* _Work item_: Directions for the data below: repeat exactly the lines from the one with "artist Luciano Sacco." through the one with "This beautiful painting", both included, and omit all pictures.

* _Data shown_:
------------------------

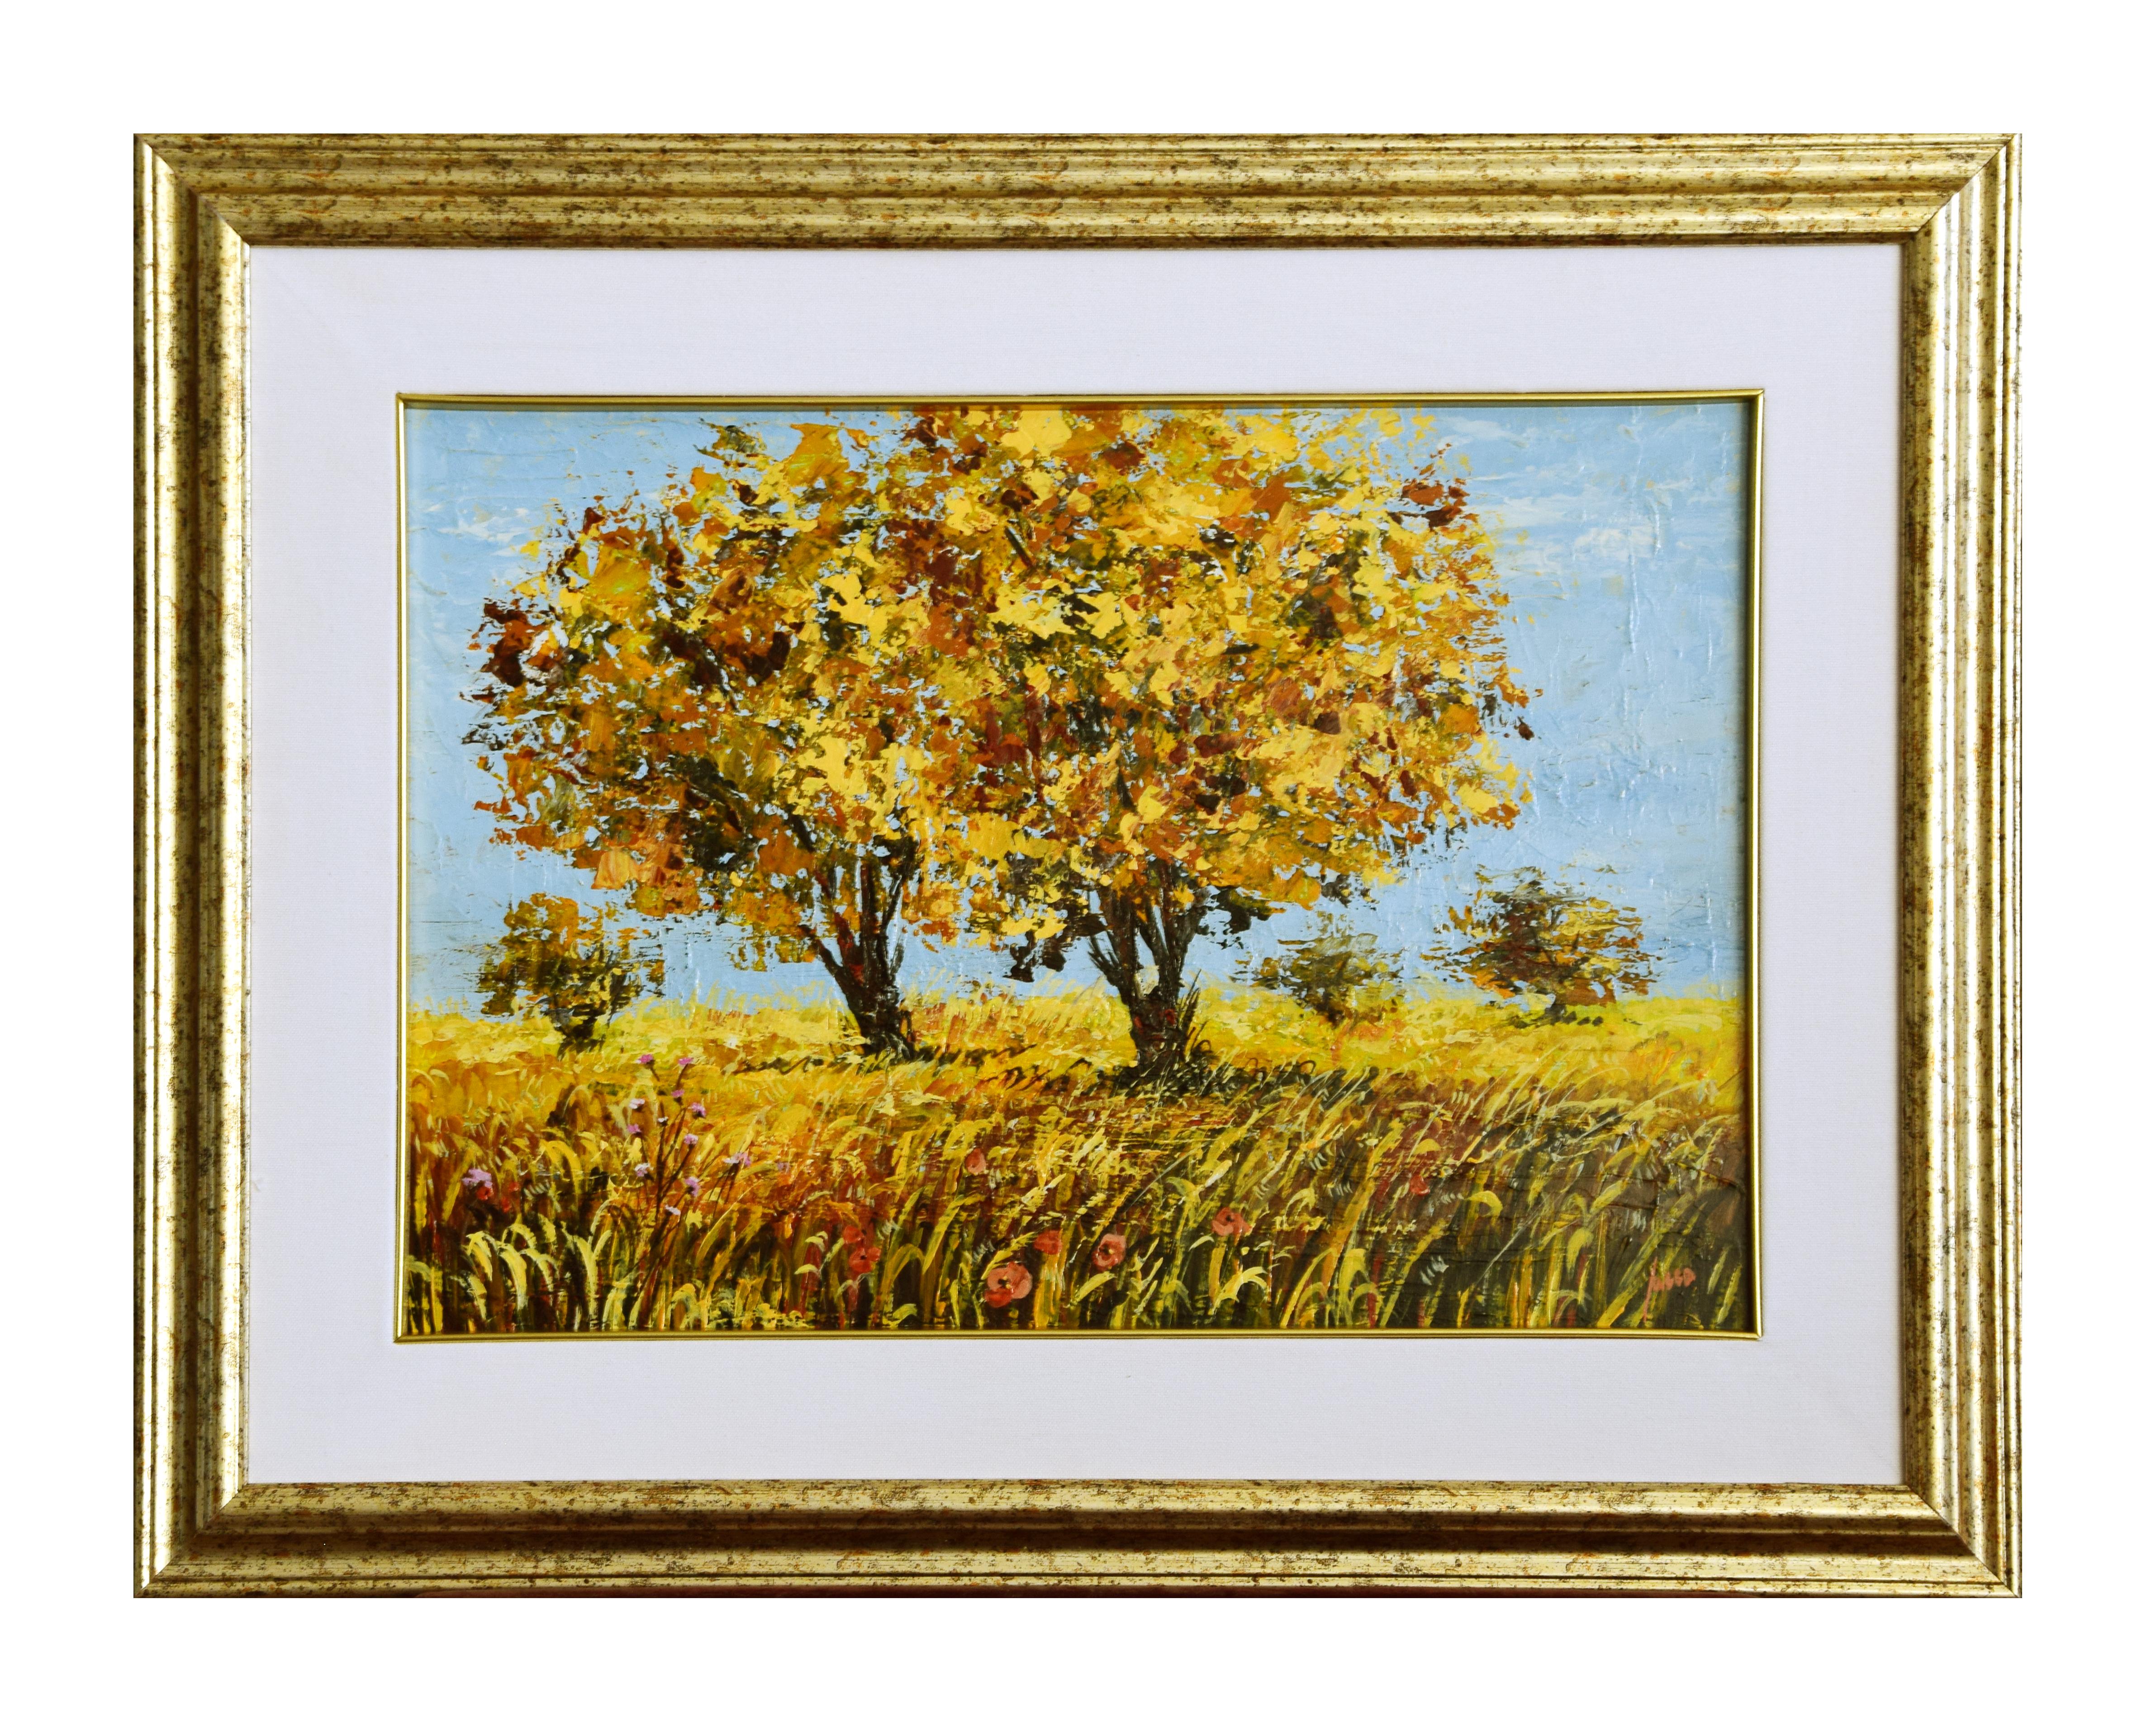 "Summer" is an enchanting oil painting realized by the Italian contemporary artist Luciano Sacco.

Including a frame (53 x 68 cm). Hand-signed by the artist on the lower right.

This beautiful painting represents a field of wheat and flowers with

------------------------

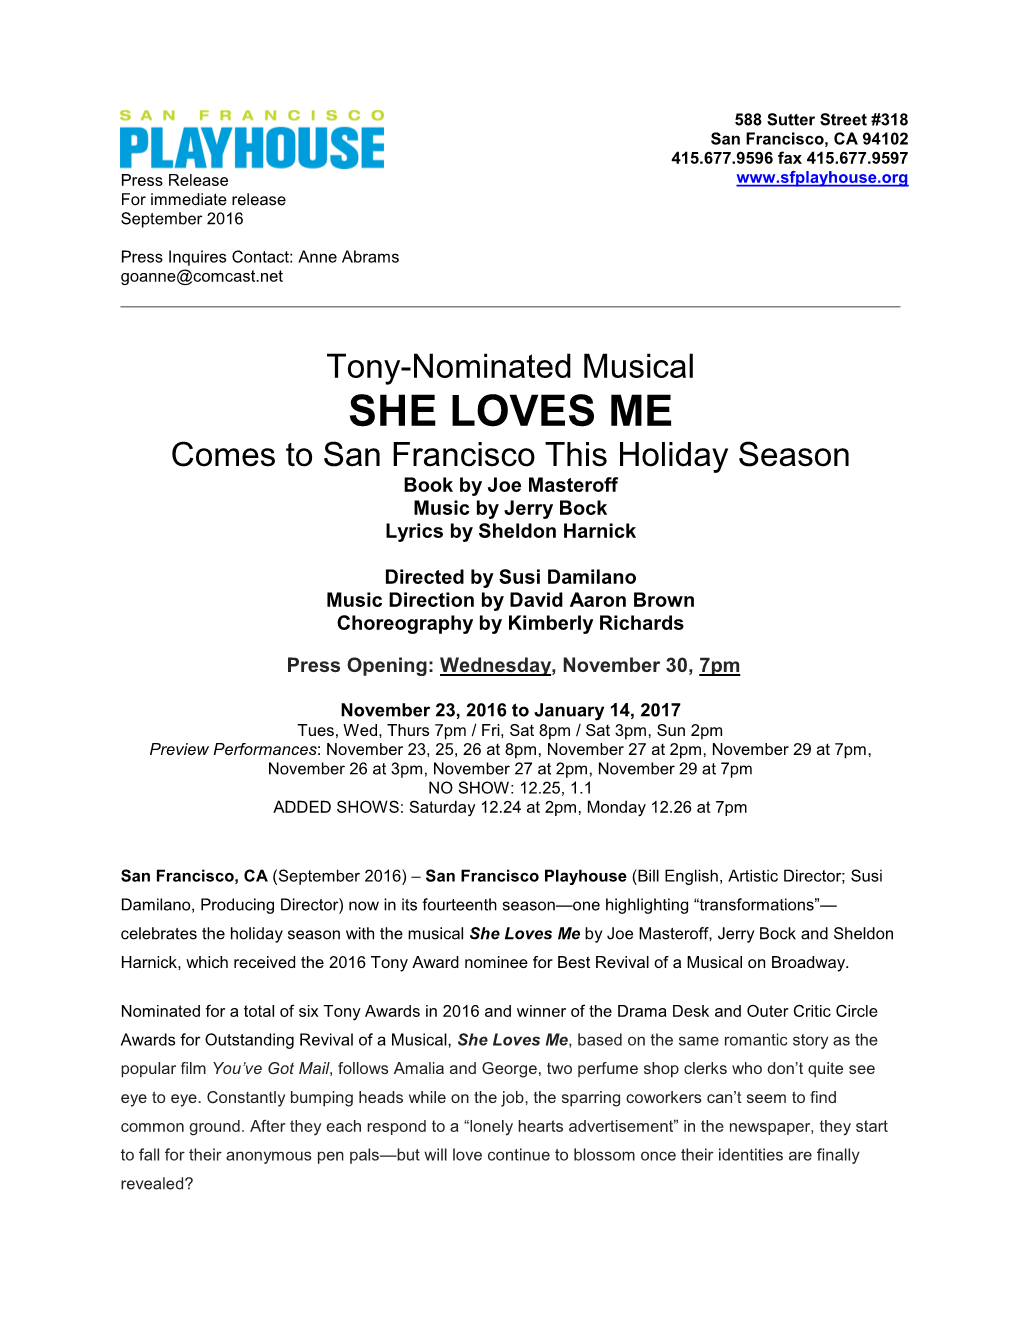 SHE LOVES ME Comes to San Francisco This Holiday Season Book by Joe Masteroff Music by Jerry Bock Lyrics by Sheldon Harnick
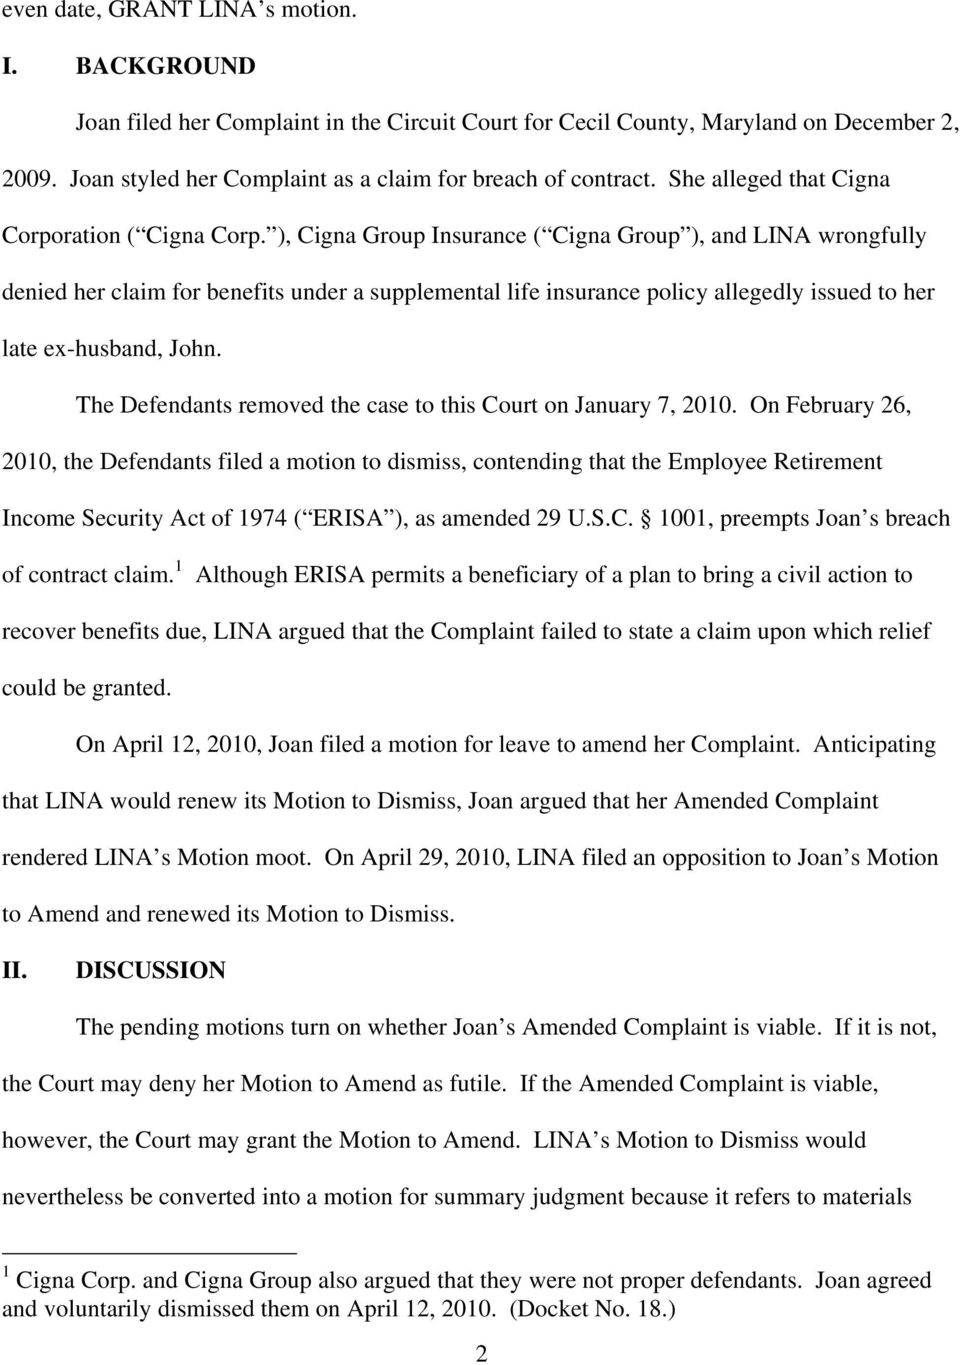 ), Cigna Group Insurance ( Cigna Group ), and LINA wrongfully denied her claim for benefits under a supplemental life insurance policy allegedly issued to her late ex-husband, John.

------------------------

* _Expected answer_:
 "Summer" is an enchanting oil painting realized by the Italian contemporary artist Luciano Sacco.

Including a frame (53 x 68 cm). Hand-signed by the artist on the lower right.

This beautiful painting represents a field of wheat and flowers with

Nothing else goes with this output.